The second coming of Jesus: London’s favourite Maître d’ dusts off his little black book

After 38 years at Le Caprice, Jesus Adorno now runs the show at the brilliant Charlie’s in Brown’s Hotel. Just don’t talk to him about square tables…

It’s hard to know where men like Jesus Adorno come from, and I mean that quite literally. Just what is that trick of appearing seemingly from no-where? That ability to shimmer silently and smilingly into view? The gift of teleporting into a room — or a conversation, or a birthday supper — at just the right moment? You never see Jesus Adorno coming. (Or Jeremy King, or Jeeves, or Jesus Christ, come to think of it — the four J’s of miraculous service). But then, all of a sudden, there he is — and there you are, and here we are, and how are you, and isn’t this all lovely, and it’s so kind of you to fit us in again.

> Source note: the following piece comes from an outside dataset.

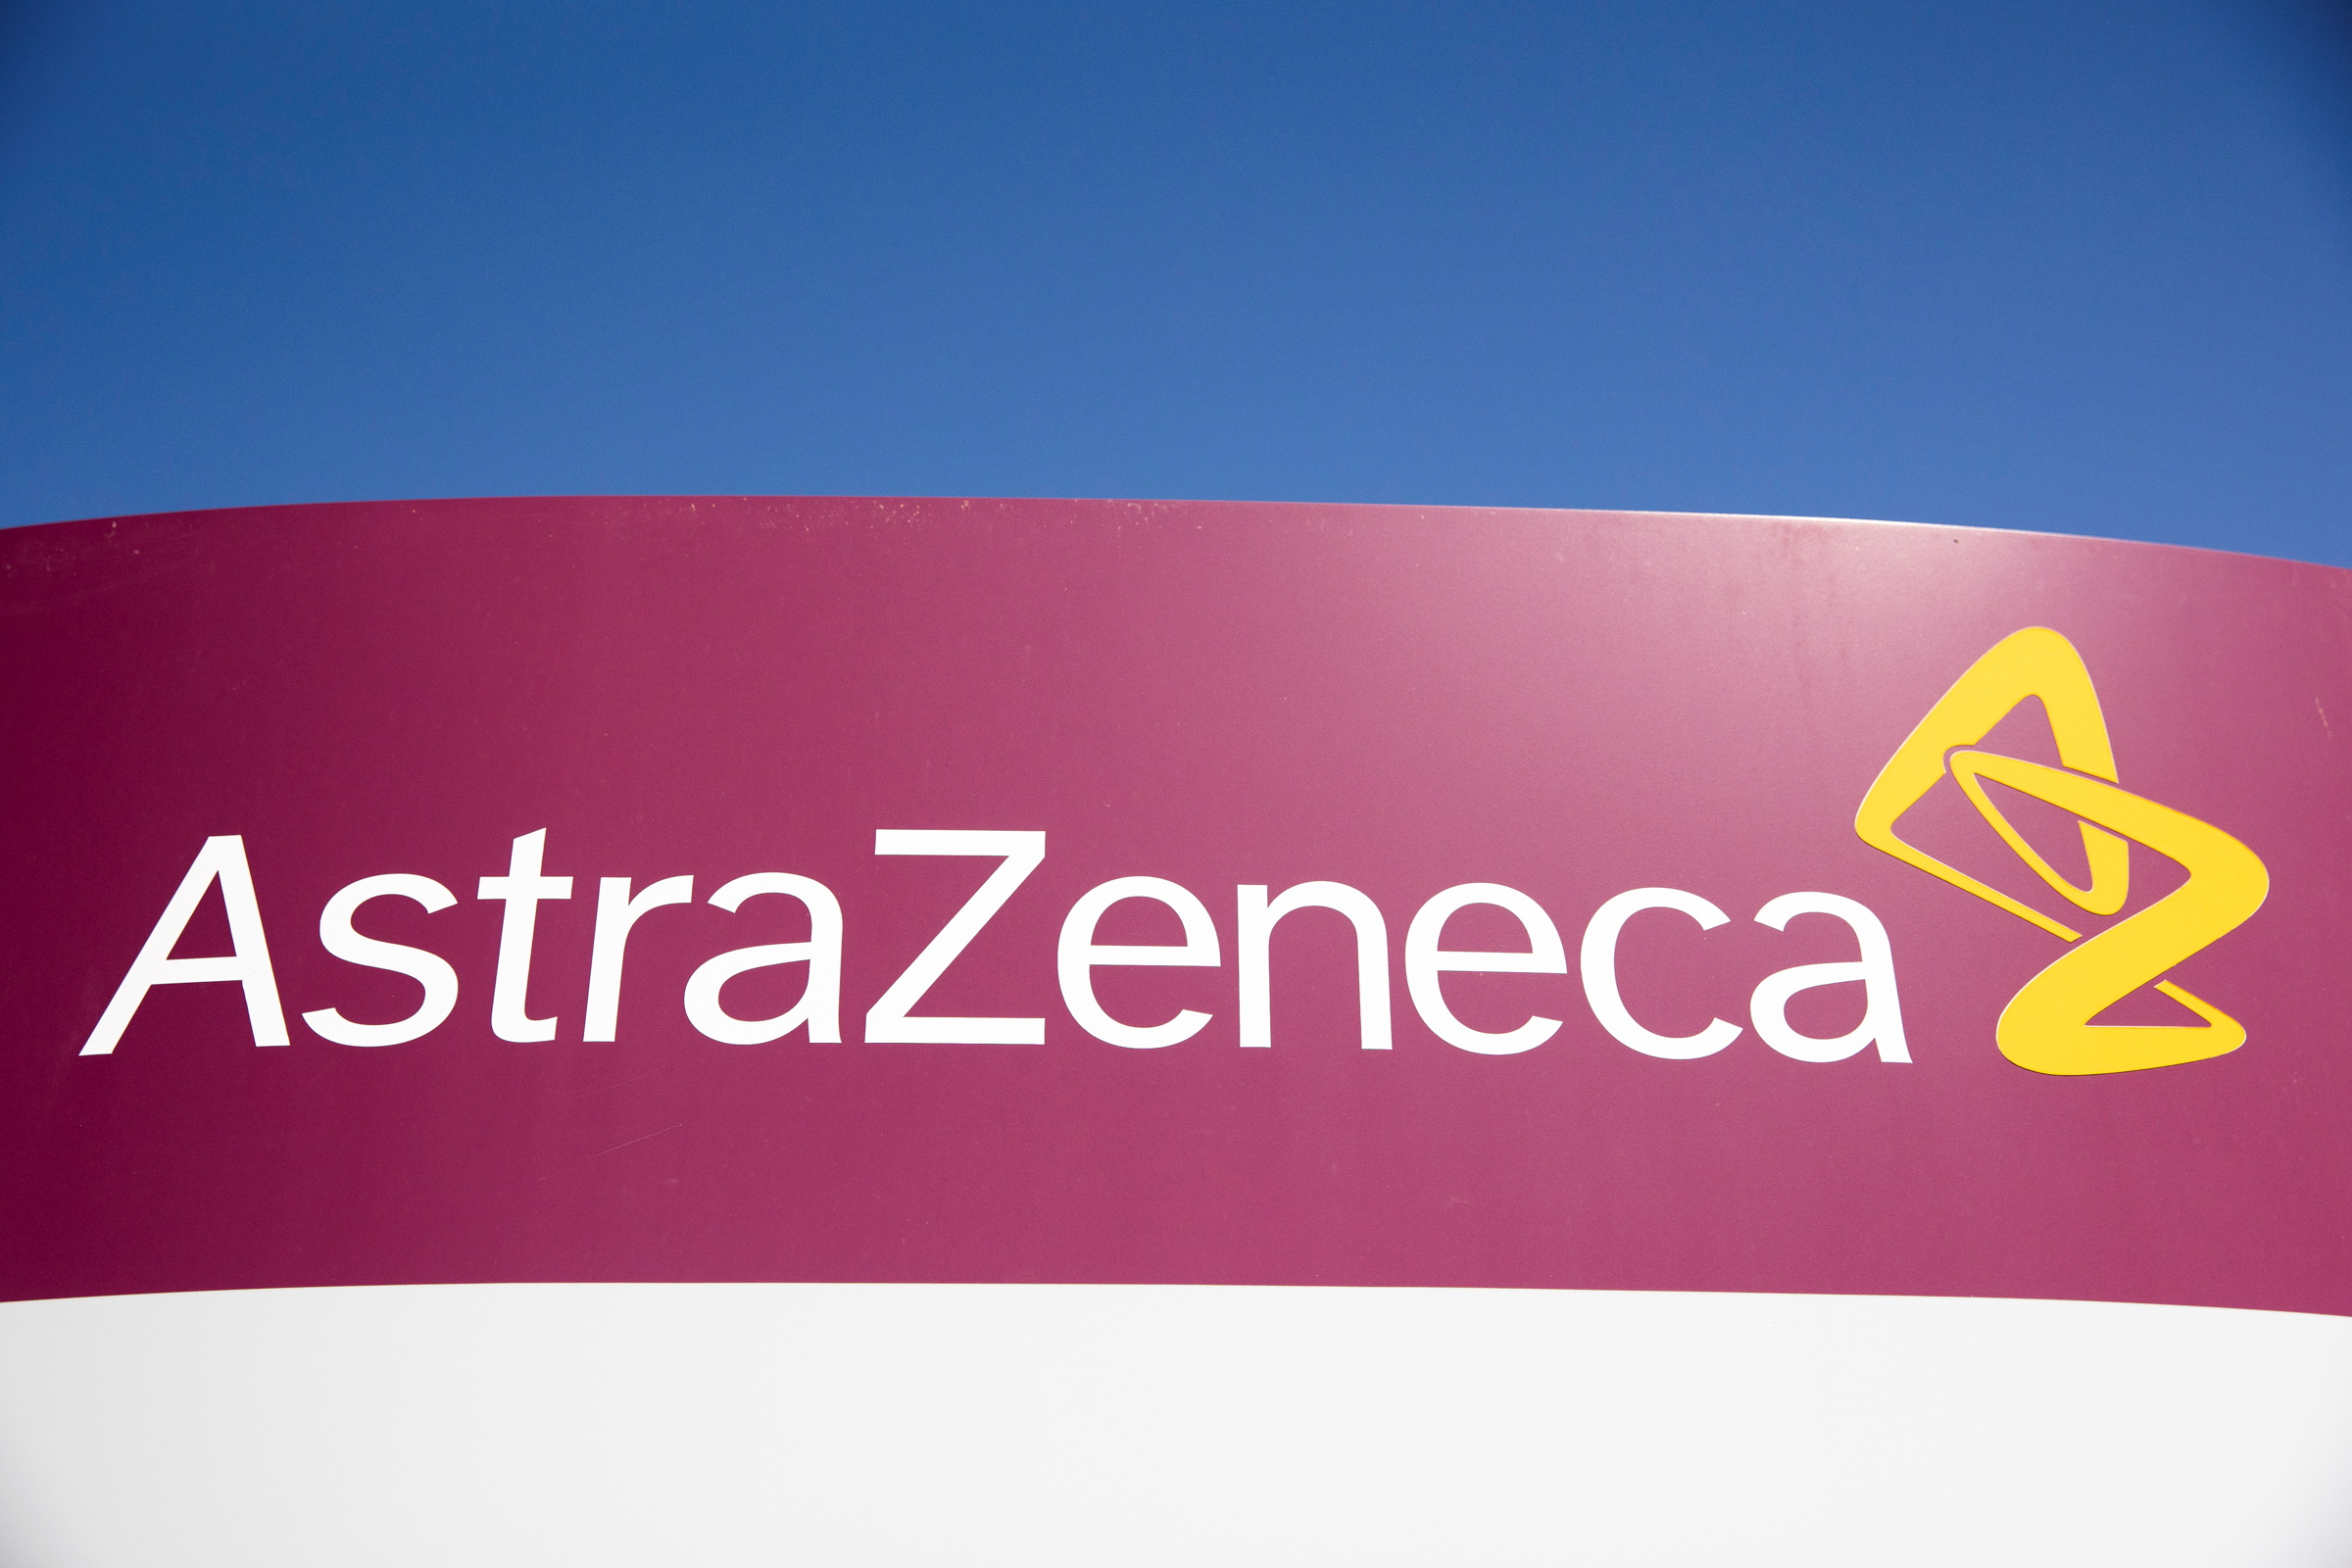 AstraZeneca's drug Tagrisso gets China nod for early lung cancer Reuters

Some people go to restaurants for the food, or at least they say they do. Some people go to restaurants for the atmosphere, by which they mean other people in similar clothes to them having a slightly better time. But real restaurant go-ers — the four-or-five-a-week professional lunchers; the early-onset gouters — go simply to come back. For them, the chief joy in this changing and frightening world is the familiar smile, the shared history, the outstretched palm — and the glint in the eye of the maitre d’, like some friendly older brother, welcoming you back inside for more.

I’ve stolen that last bit — the brother bit — from Jesus Adorno himself, in fact, arguably the most beloved and connected man in London restaurants. (It’s Jesus, by the way — pronounced like Zeus, not like Mr. Christ. Different gods; similar stature around these parts. Oh, and it’s actually Jesus Adorno Sanabria, in keeping with the Bolivian tradition of preserving your mother’s maiden name. But Londoners got confused, and the toffs thought he was missing a hyphen, so Jesus simplified things on his business card long ago.)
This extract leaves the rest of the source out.